Installing flooring in a basement is a do-it-yourself task for the moderately skilled handyman. If the basement has a concrete floor the job will be much easier; if the floor is dirt (common in older houses) a sub-floor must be built before flooring can be installed. The following guidelines presume a sub-floor or level concrete foundation is already in place. The preferred flooring for a basement is carpeting, to provide warmth. Laminate, wood or tile can also be used, however.
Things You'll Need
- Sealant and heavy plastic underlayment (for a basement with a concrete floor)
- Carpet, carpet pad, and 1/2-inch tack strip; or carpet squares and adhesive tape.
- Sharp, hooked carpet knife (sold at flooring stores and home improvement centers)
- Exacto or other hand-held razor knife
- Chalkline (for carpet square installations)
- Carpenters square and hammer (for roll carpet installations)
- Carpet stretcher (for roll carpet installations)
- Baseboard and finishing nails
Installing basement flooring
Scrape up any old adhesive or dirt from a concrete floor and sweep thoroughly.
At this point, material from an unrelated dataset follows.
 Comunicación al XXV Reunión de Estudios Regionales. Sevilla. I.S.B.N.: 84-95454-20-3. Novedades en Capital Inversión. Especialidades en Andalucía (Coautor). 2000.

Seal with concrete-approved sealant and let dry for at least 12 hours. For a wood sub-floor, sweep thoroughly and seal edges with silicone caulk, smoothing into the cracks with a rubber gloved finger. Ensure there is absolutely no debris left on the floor before installation begins.
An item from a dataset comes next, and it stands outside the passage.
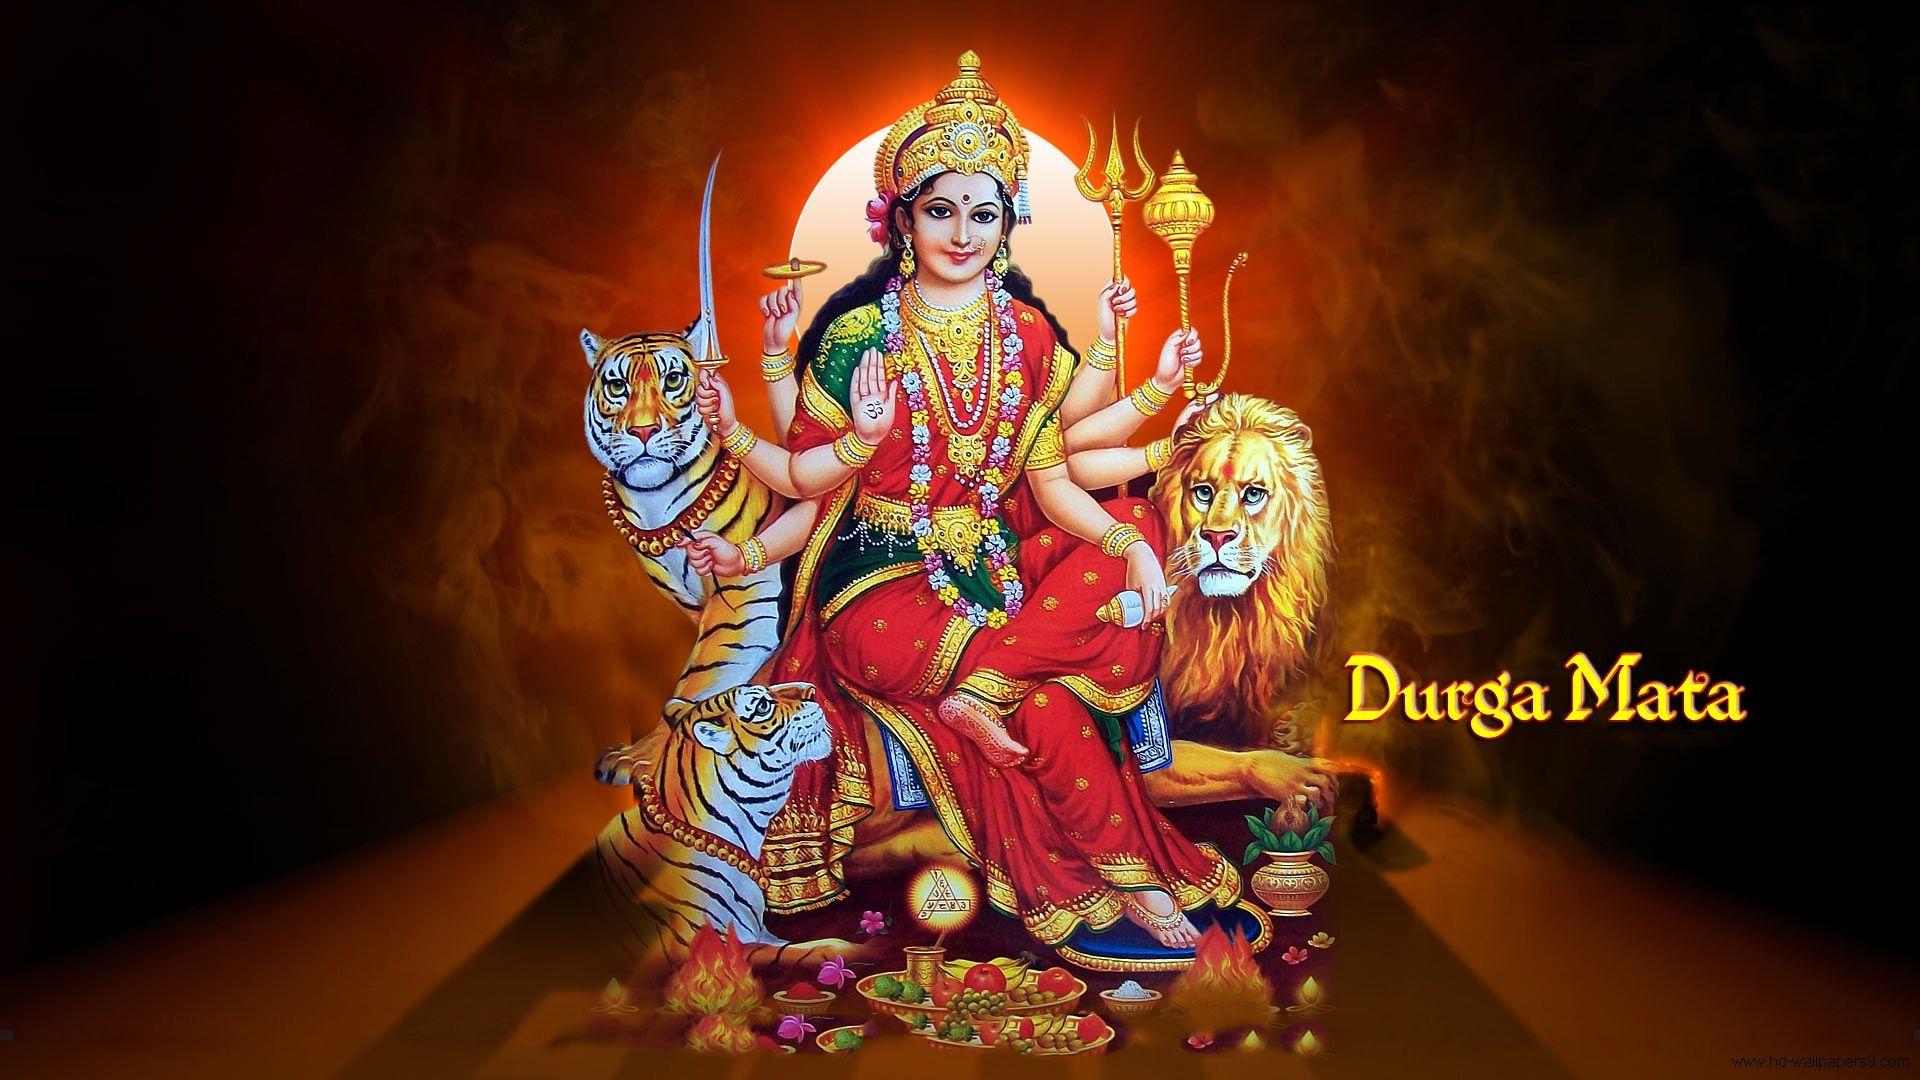 3D hindu god wallpaper for desktop. Free HD Wallpaper Download

Spread heavy plastic underlayment over concrete floors, and trim edges flush with the walls. The purpose of the underlayment is to prevent moisture from seeping up into the carpet. A product with a dimpled or pebbled surface will allow air to circulate and prevent moisture from collecting and causing mildew or rot. If a wooden sub-floor has been installed there may be no urgent need for underlayment, but it will provide an extra layer of protection and soundproofing if desired.
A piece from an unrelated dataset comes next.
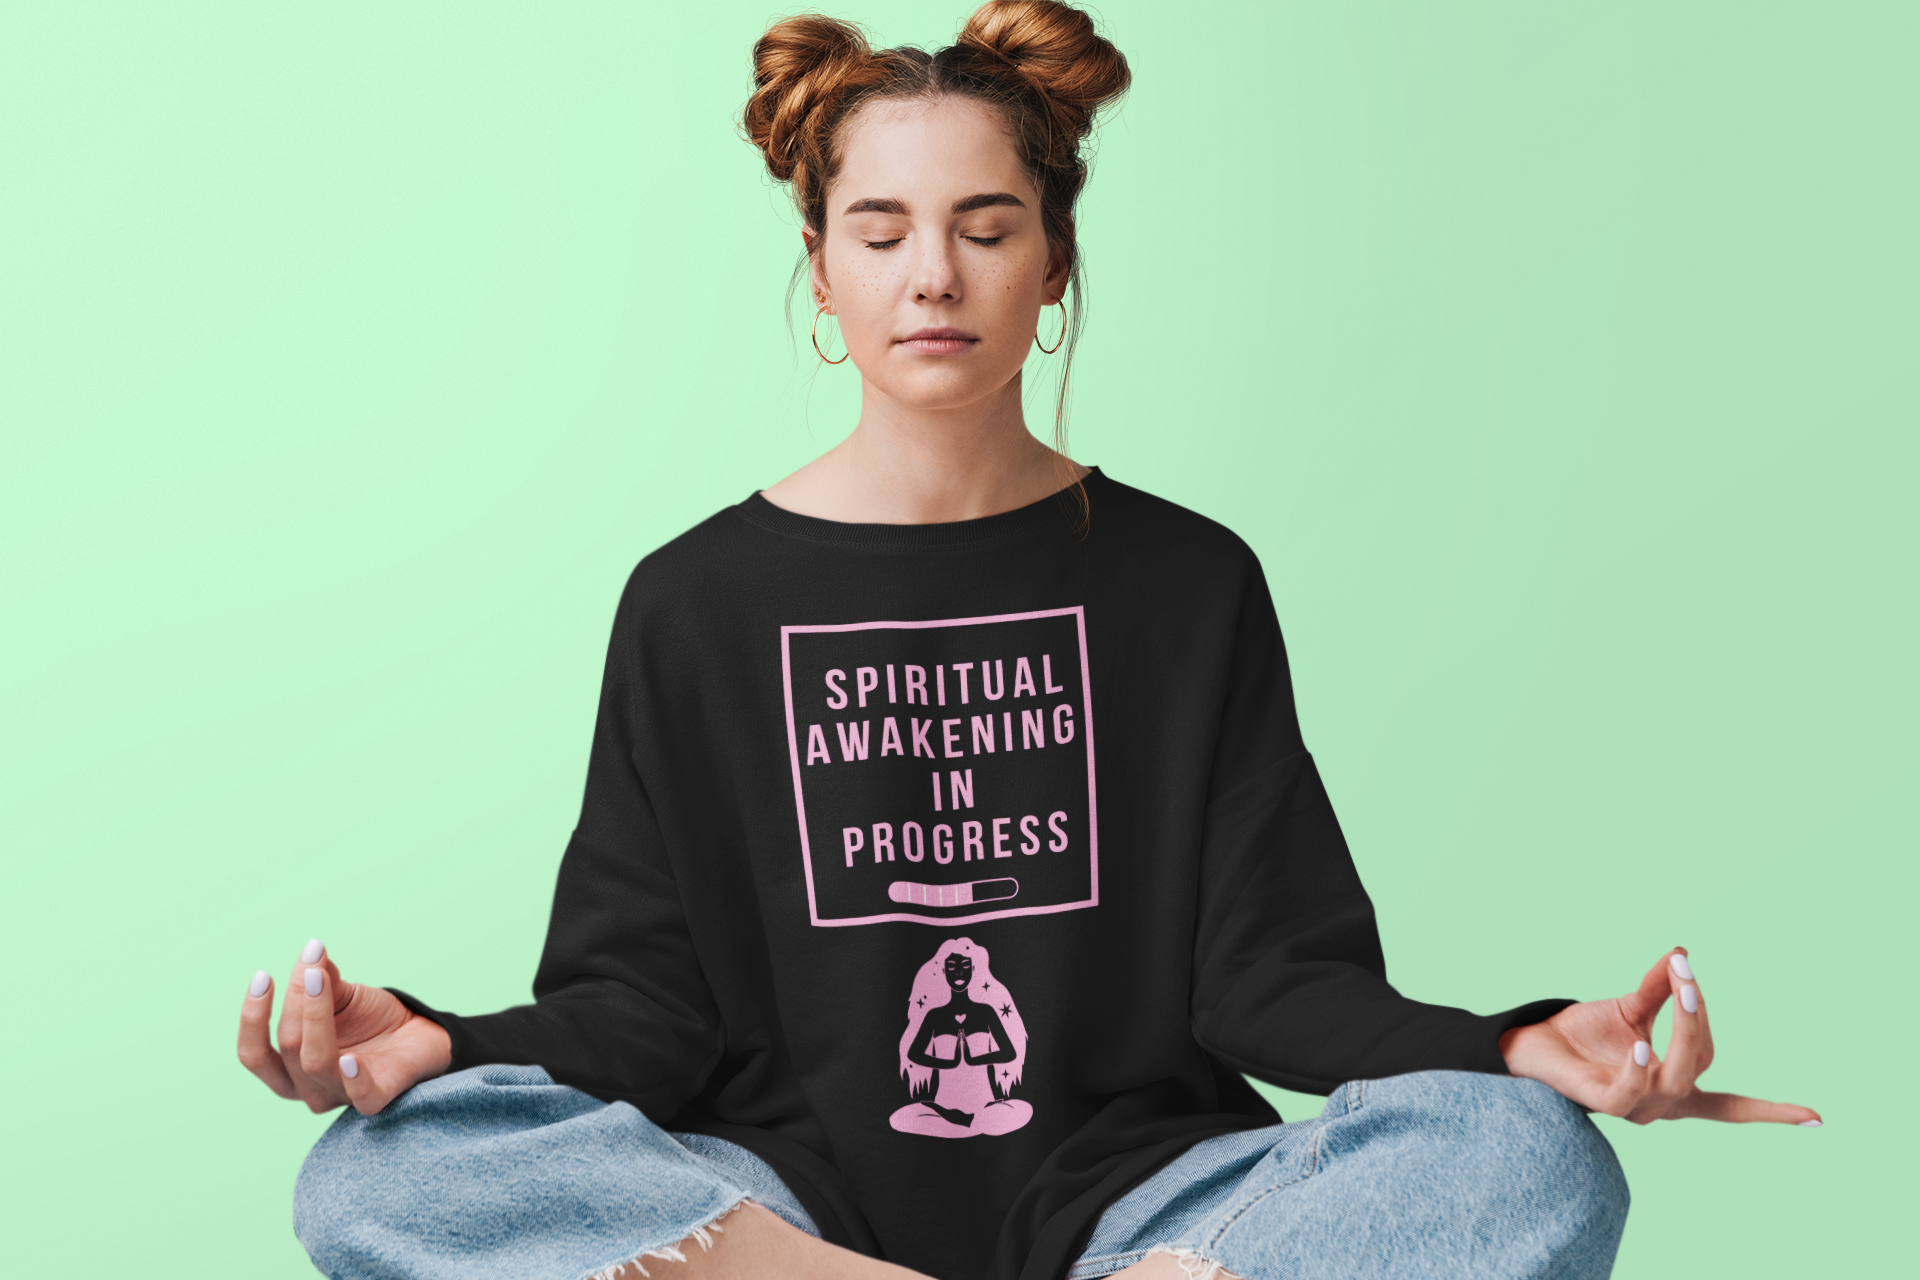 Spiritual woman meditating wearing a spiritual awakening t-shirt.

For Carpet Squares: Mark off the center of the floor and lay out a grid with a chalk line if using carpet squares. Apply carpet tape around the perimeter of the room. Begin laying squares down along the grid lines, making sure they fit snugly against each other. Work out gradually and evenly from the center of the room, making sure the nap of the carpet lays in the correct direction for each tile. Trim carpet squares where they meet the wall, and check for snugness and uniformity before removing protective adhesive backing strip and pressing carpet edges firmly down on adhesive.
For Roll Carpet: Lay carpet pad out on wood sub-floor, and trim 1 1/4 inches from wall. Unroll carpeting and spread flat, tugging into place and pressing out wrinkles. Cut carpet using a carpet knife, pressing carpet down to the floor at the wall with a carpenters square for a clean cut. fold back edges of carpet and install tack strip one half inch from the wall, around perimeter of room. Use carpet stretcher to pull the carpet taut, and a hammer to fasten it to the tack strip. Trim any excess carpet even with the wall, and tuck wisps down between tack strip and wall.
Finish your basement flooring job by adding baseboard. This can be pre-stained and the finishing nail holes filled in with matching putty. Basements with concrete or brick walls can be finished by using rubber baseboard molding, attached with a strong permanent glue.
Tips & Warnings
- If your basement floods on a regular basis, consider installing a pump and a sub-floor to prevent ruining your carpet. If the walls of your basement sweat, seal them as well as the floor.